Vivaldi's The Four Seasons depicts a very specific programme included in the early scores. Spring, Concerto 1, has from Accardo and Solisti di Napoli, a rather steady introduction for Spring's merry arrival. The birdsongs from the violin soloist soon joined by second violin are sweet and untroubled, so even the arrival of thunder makes little impression. I compared Fabio Biondi directing his band, Europa Galante, in 2000 (Erato 6025032). Timing at 3:02 against Accardo's 3:49 his is a truer Allegro, his birdsong is more chirruping, his thunder more of a shock. Come the slow movement, however, Accardo finds more magic in this Largo in the sheer expanse of his cantilena as the sleeping goatherd is lost in a lullaby. In the Country Dance finale Accardo's Allegro at 4:25 is more relaxed than Biondi's at 3:50. That said, I like its sunny quality and the way Accardo quietly emerges in total accord with his surroundings.

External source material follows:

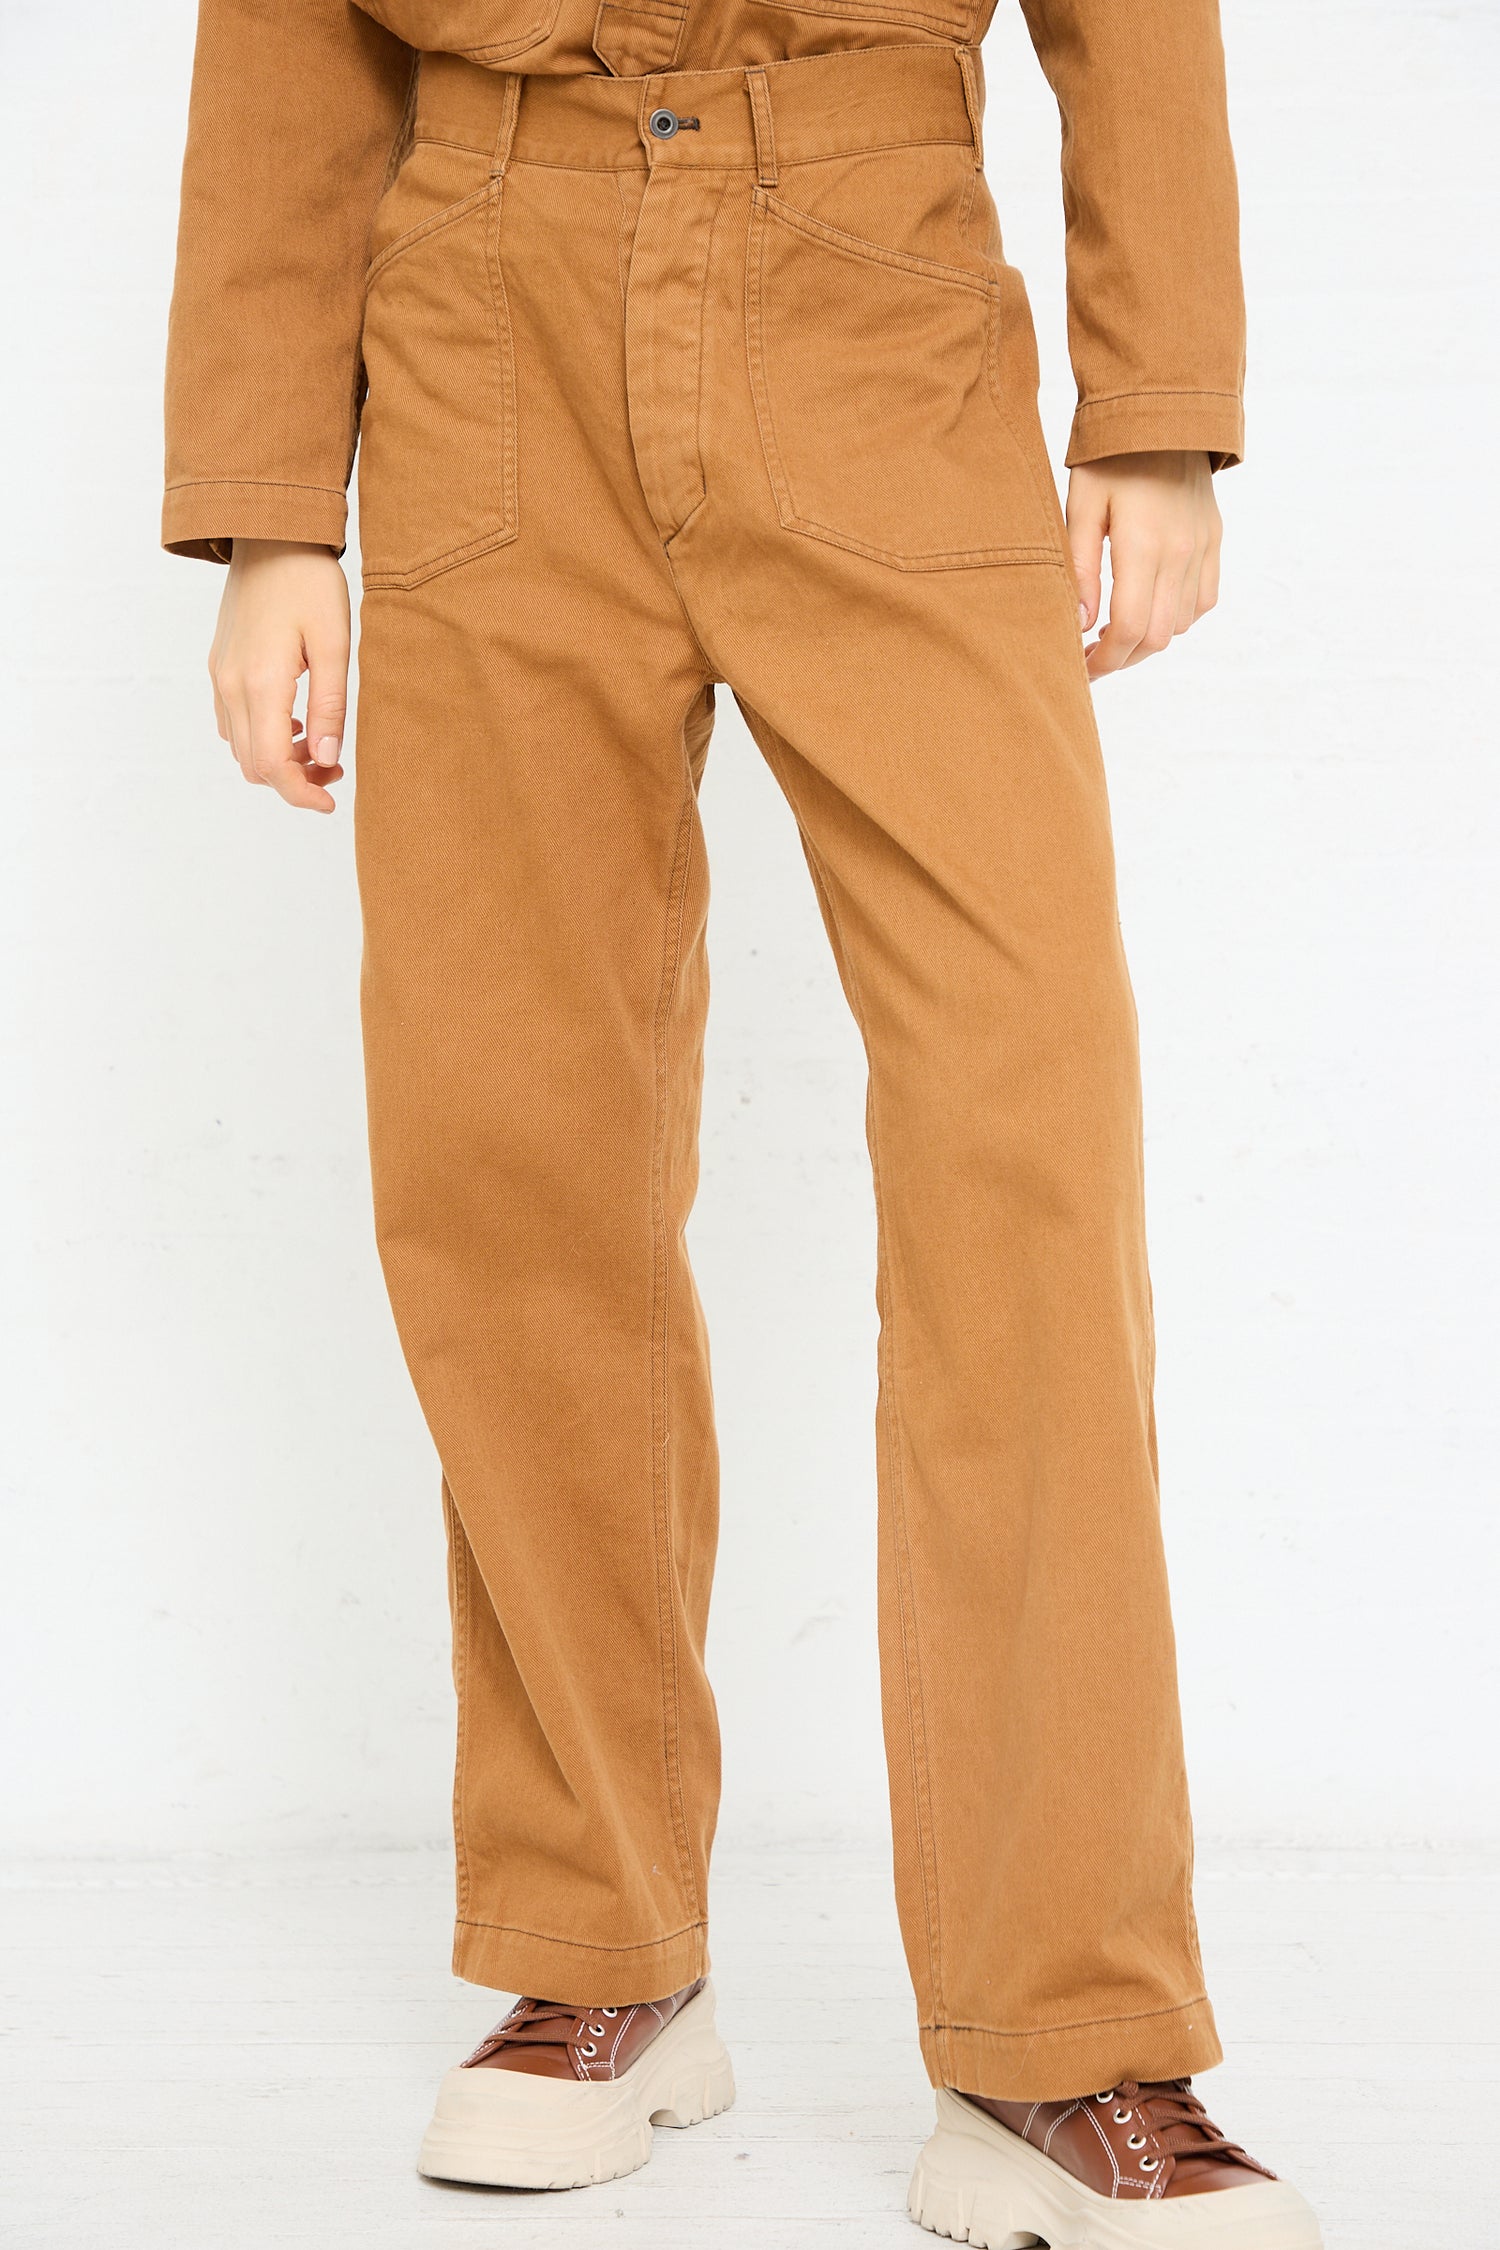 A person wearing Chimala Classic Drill US Army Work Trouser in Camel and two-tone sneakers.

In the introduction to Concerto 2, Summer, Accardo gives us a sweet, lazy and hazy day. The turtle dove (tr. 8, 0:56) is beguilingly presented by Accardo, while his next portrait, of the goldfinch (1:23) is briefly distinctive in its higher pitch. In the tutti gentle south winds are replaced by violent north ones, a storm which is the cue for the shepherd's whingeing (2:24). Accardo enjoys its crusty wallowing. Biondi's faster tempo for this movement aids a more dramatic, scary presentation of the approaching storm. In the central movement, which alternates between Adagio and Presto. Accardo's finely sustained line places the focus on haunting, soulful lament, with the flies and wasps a sympathetic backcloth and the flashes of thunder a contrast. Biondi's solo has melancholy but his insects are more sinister and his thunder more oppressive. In the Presto finale, Accardo seems to become the spirit of the storm and I Solisti di Napoli play stunningly. Yet Biondi is more fiery and demonic.

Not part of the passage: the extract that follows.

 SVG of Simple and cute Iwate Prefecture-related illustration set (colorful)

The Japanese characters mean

Concerto 3, Autumn, begins with the villagers' harvest dance and I Solisti di Napoli are convivial with a sense of abundance. Accardo appears as village leader with a song. Soon he stands out even more, slithering around drunk but still with an element of politeness before slinking into sleep and thereby regaining a kind of dignity. Biondi's villagers live life in a faster lane and Biondi is equally the showman whether leading villager or drunk, even throwing in ornaments during his sleep and thereby rejecting dignity. Accardo's slow movement is soft slumbers for all, the soloist finely blending with the other violins. Biondi projects a more dense instrumental texture, making the dreams more sombre. The finale finds I Solisti di Napoli strutting heavily as huntsmen, Accardo their master portly and self confident in double-stopping (tr. 13, 0:39). By 1:39 he's portraying the hunted creature in panicking triplets. Finally he slows up slightly, but for death, not sleep. There's more military precision in Biondi's huntsmen. His beast is a virtuoso turn, even in its death throes.

Concerto 4, Winter, starts with a gradual crescendo given a feel of active foreboding by I Solisti di Napoli before the unleashing of the wind in Accardo's solo. Soon from the orchestral violins (tr. 14, 2:18) comes the grating sound that represents teeth chattering. Europa Galante's opening is more fearful. With Biondi's solo you feel an individual with supreme effort combatting the winds. For those chattering teeth Europa Galante create a creepy sul ponticello effect. The Largo slow movement's fireside contentment as the rain plops fairly heavily outside is achieved by a melody which Accardo treats with easy spaciousness. Taking 1:59 to Accardo's 2:25, Biondi's tempo is closer to Andante yet his treatment of the melody is attractively homely. The finale is about traversing thin ice. Accardo does it with the ease and grace of a master. There's thankfulness at the tutti which signals the arrival of warm wind (tr. 16, 1:48) before the energy and style with which all the winds are then celebrated. Biondi's warm wind arrives rosily soft, after which the harshness of the winds is accepted with virtuosic exhilaration.